In relation to this last point, I’ve asked the Minister for Further and Higher Education if he would consider naming a scholarship after Alice Litster, to mark her efforts to shine a light on what was happening in this institutions over many years.

Conclusion

As I said at the outset, trust between the State and former residents has been broken, because of the State’s failures. It is up to the government, acting on behalf of the State, to start to rebuild this trust. This means acting comprehensively and acting rapidly, aware of the age of many of former residents and their need to see the tangible benefits of the actions that have been committed to. As a government, we are aware that the apology delivered by the Taoiseach will ring hollow if it is not back up by actions.

I have outlined timelines for progressing some of the actions above and we will outline further details in forthcoming weeks.

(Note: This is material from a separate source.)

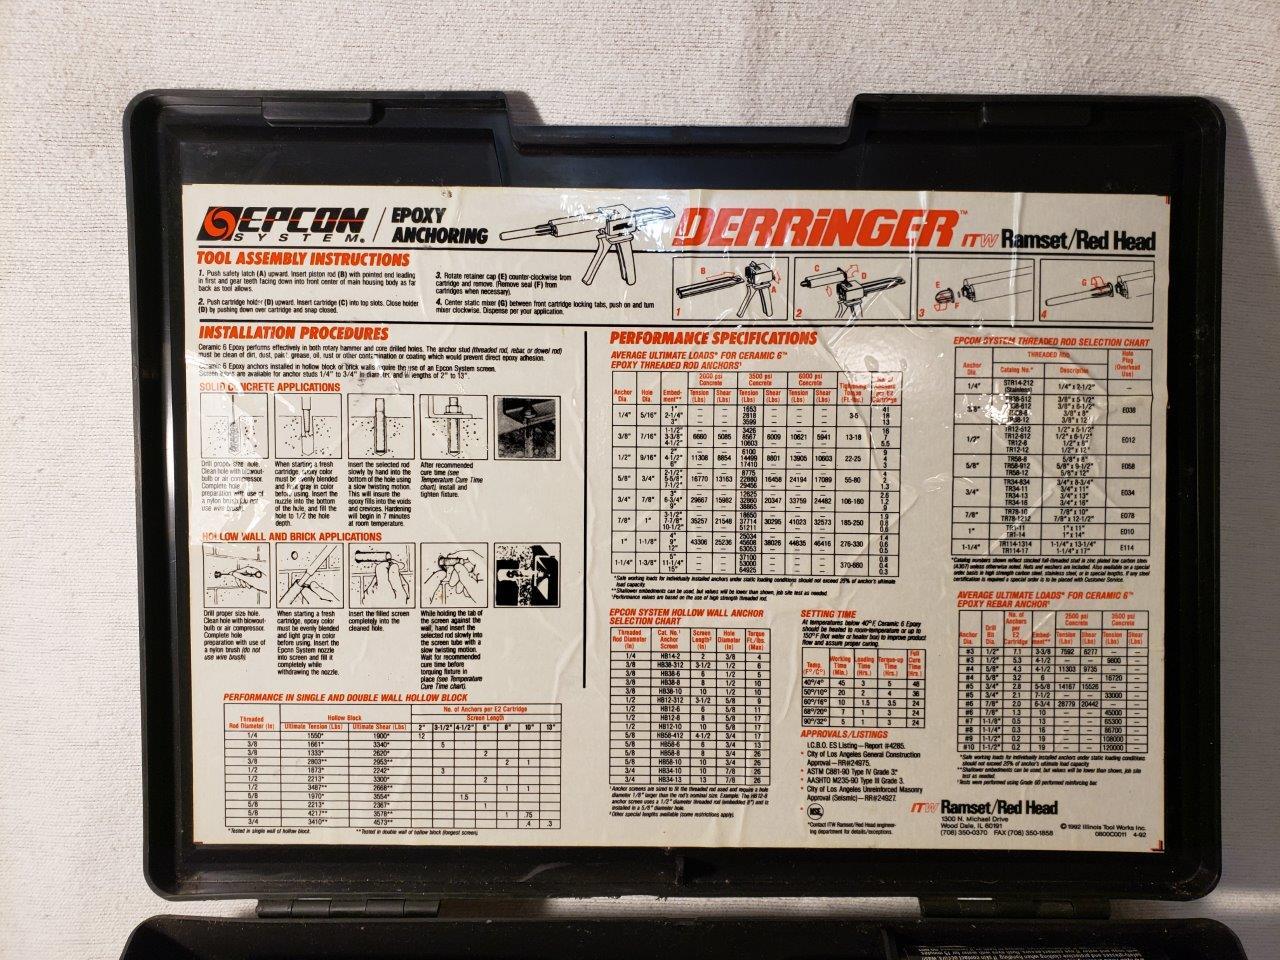 Epcon Derringer ITW Ramset Redhead Epoxy Anchoring System KIT chemical concrete dispenser Cartridge gun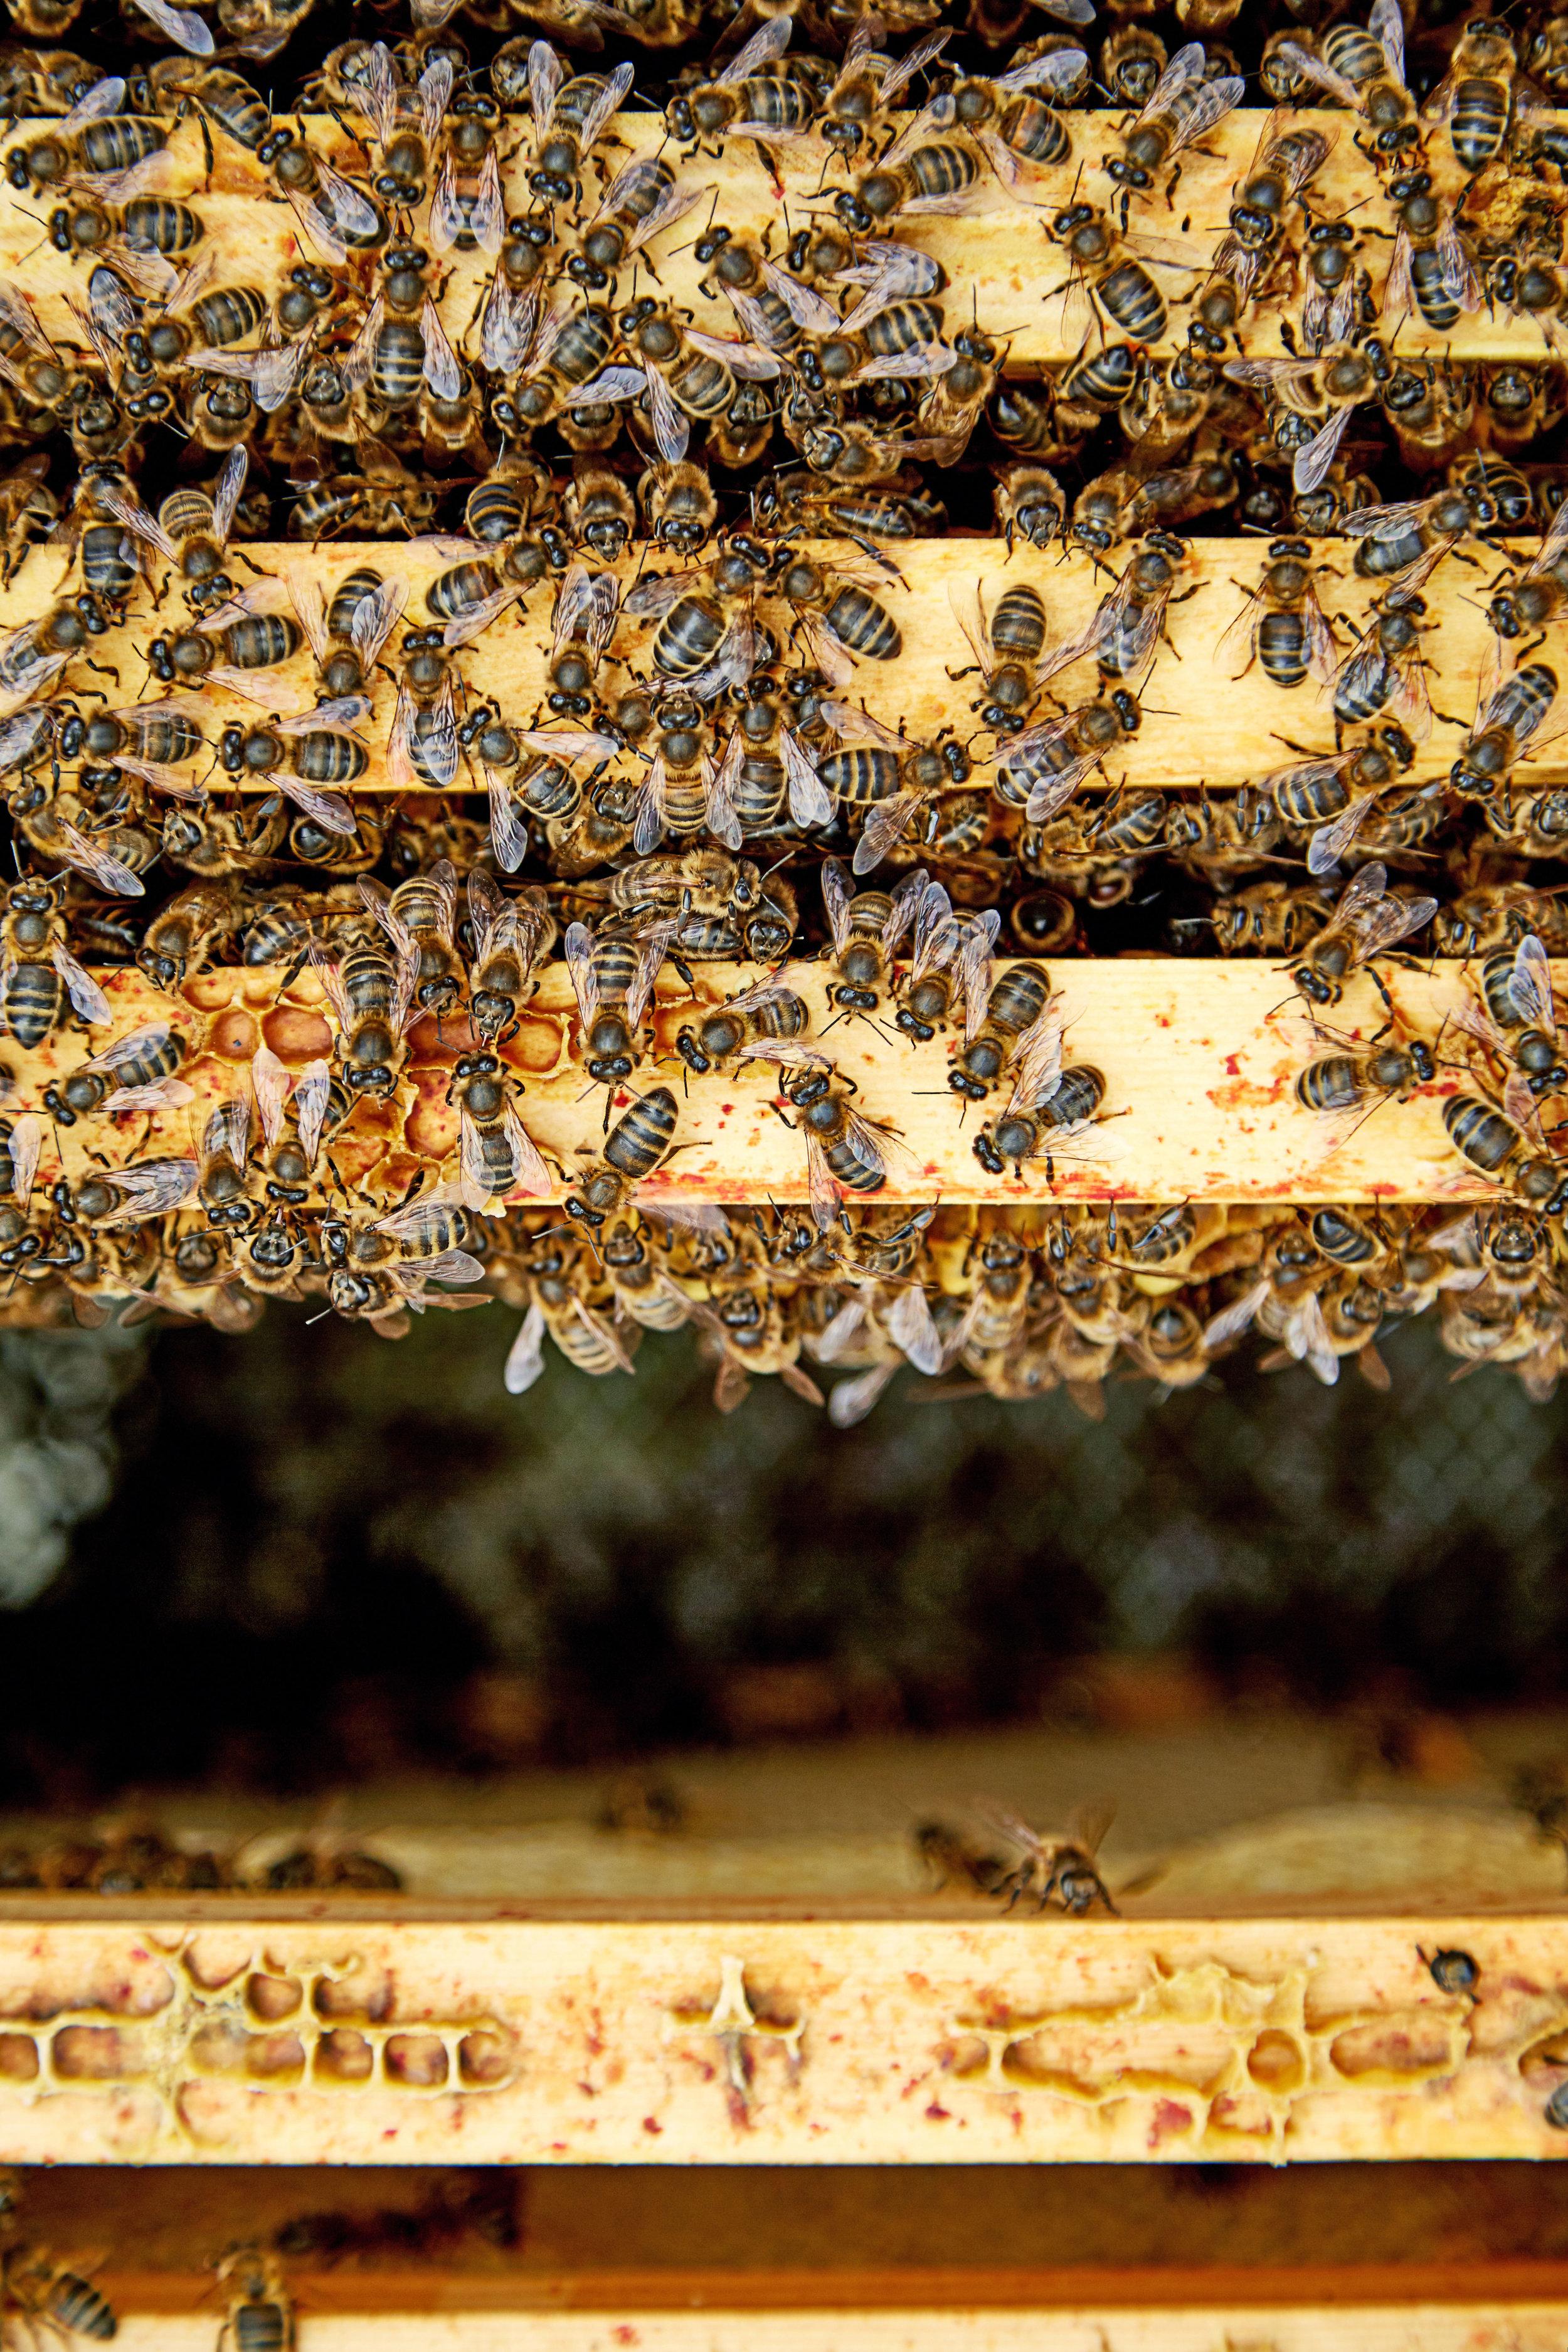 Bee-hive-overhead.jpg

As Deputies know, there will also be engagement with the religious congregations and charities that were directly responsible for running these institutions. I have sought meetings with a number of bodies specifically on the issues of apology, their own contributions to restorative recognition and the provision of institutional records which would be beneficial to survivors.

The State has recognised and seeks to atone for its failures in a meaningful way. I think we all share the belief that others need to do the same.